**Exercise:**
Only one span is wanted from the lines below: from the one with "Toronto, Ontario /" up to and including the one with "Altavoz Tipo Columna". Copy it exactly, without images.

**Records shown:**
● ● ● ● ●
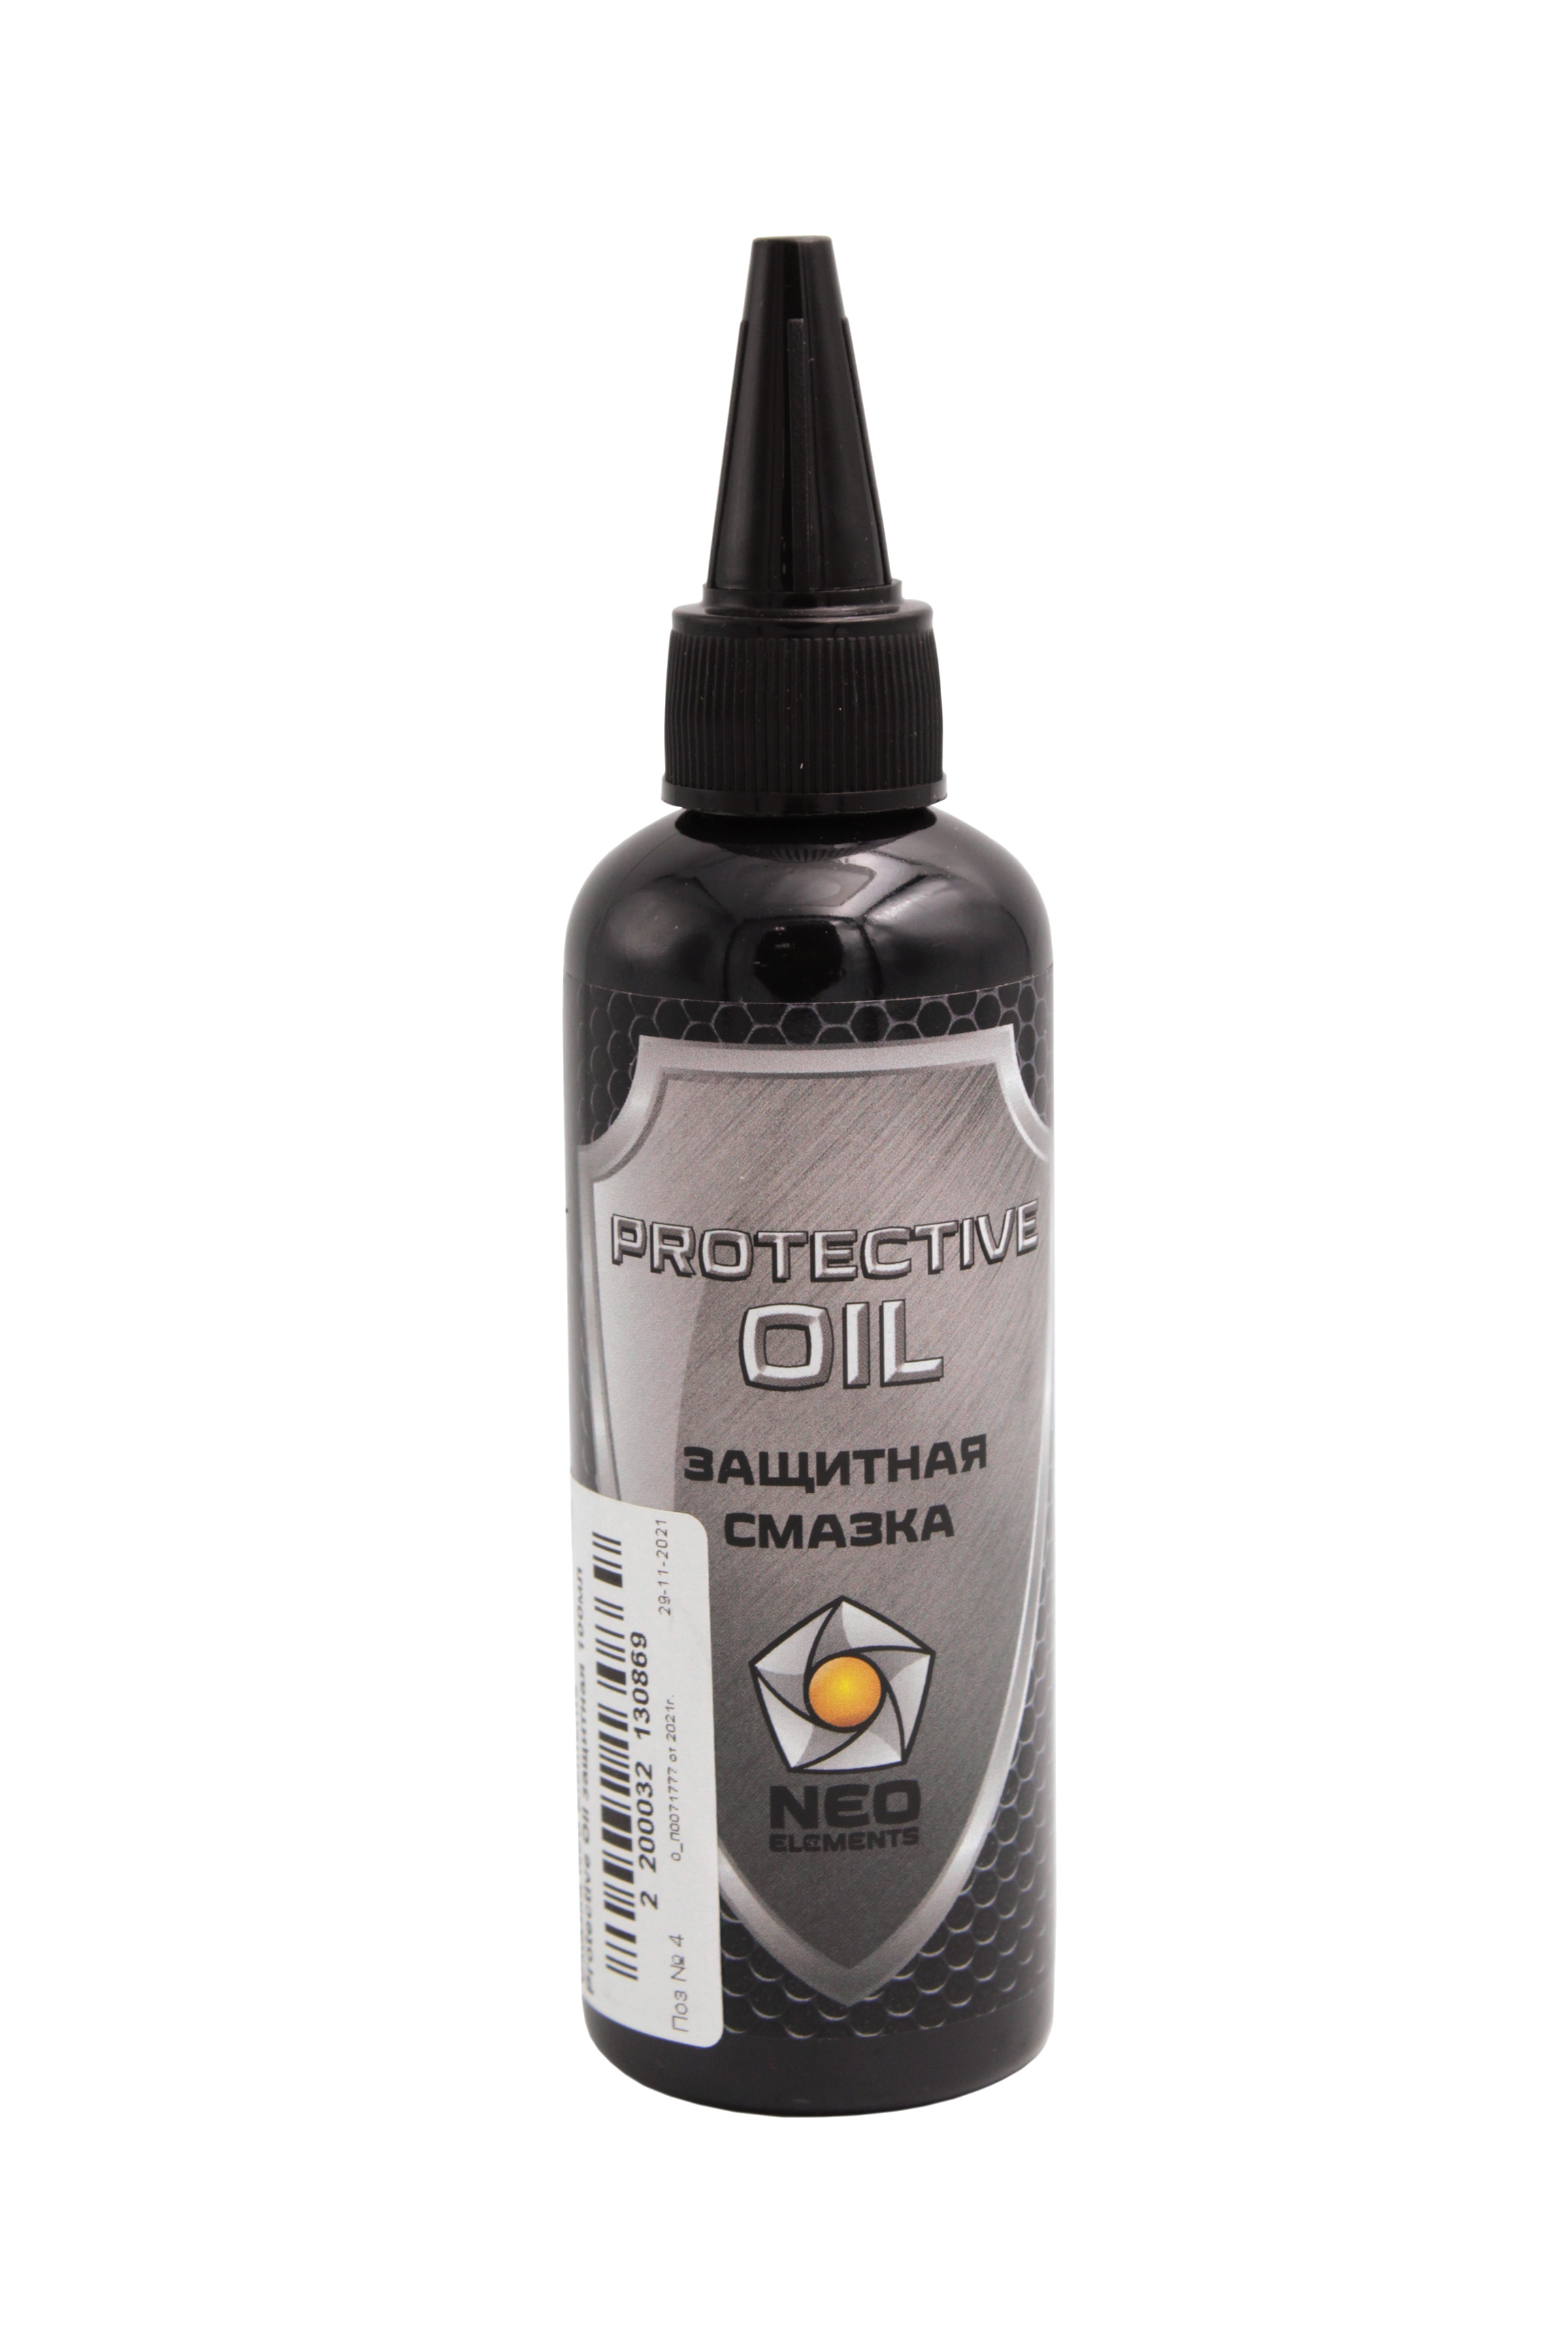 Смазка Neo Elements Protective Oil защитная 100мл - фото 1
● ● ● ● ●
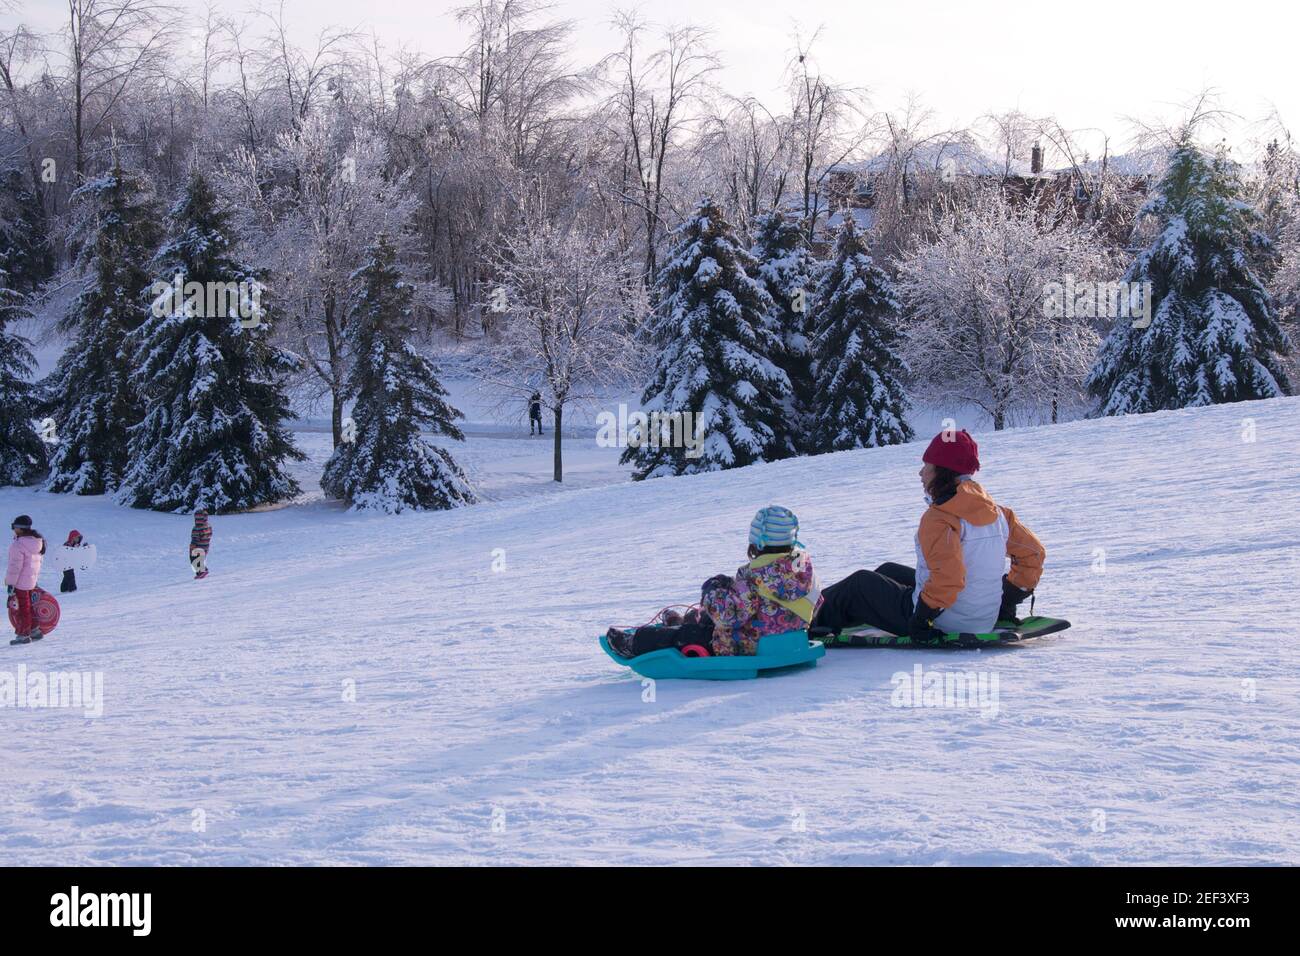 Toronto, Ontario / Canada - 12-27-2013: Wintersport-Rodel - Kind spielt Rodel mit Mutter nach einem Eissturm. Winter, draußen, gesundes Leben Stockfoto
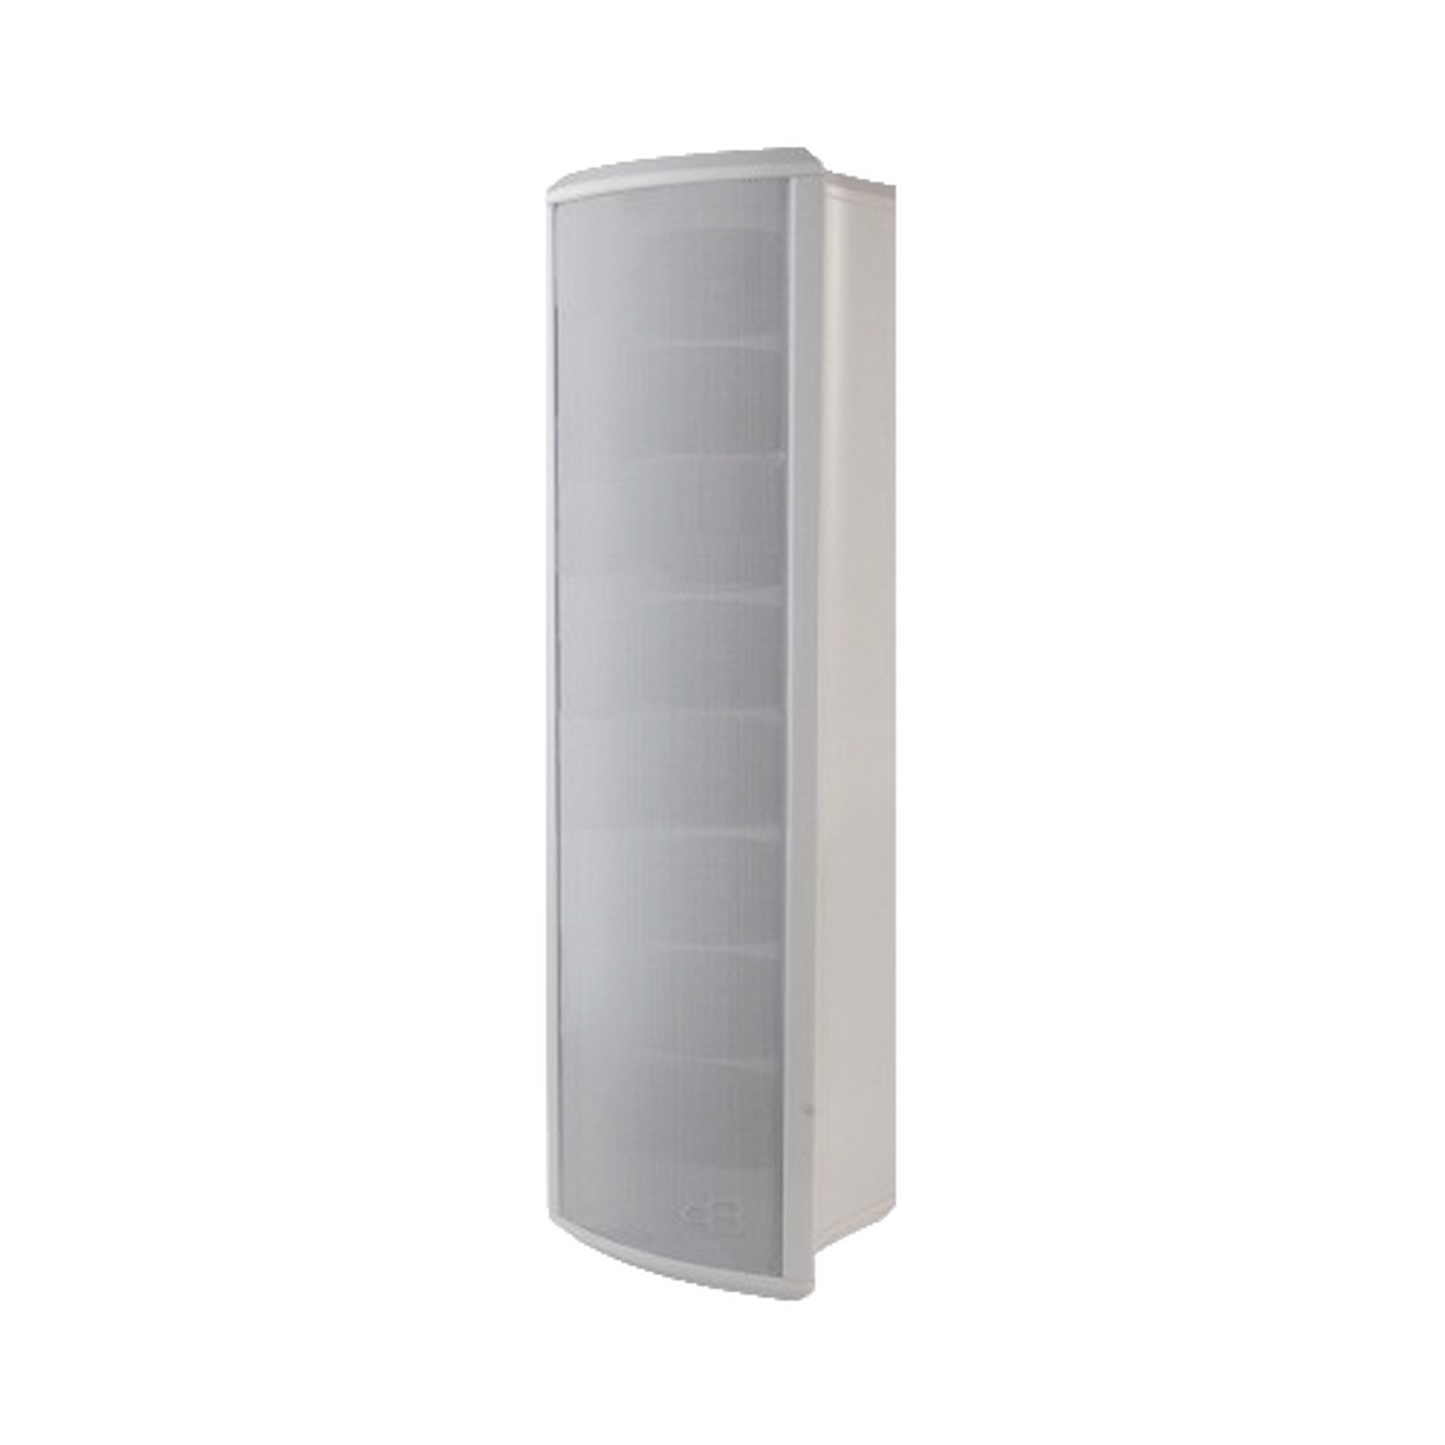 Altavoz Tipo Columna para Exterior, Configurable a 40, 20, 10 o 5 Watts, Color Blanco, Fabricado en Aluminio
● ● ● ● ●
**Task result:**
 Toronto, Ontario / Canada - 12-27-2013: Wintersport-Rodel - Kind spielt Rodel mit Mutter nach einem Eissturm. Winter, draußen, gesundes Leben Stockfoto
 Altavoz Tipo Columna para Exterior, Configurable a 40, 20, 10 o 5 Watts, Color Blanco, Fabricado en Aluminio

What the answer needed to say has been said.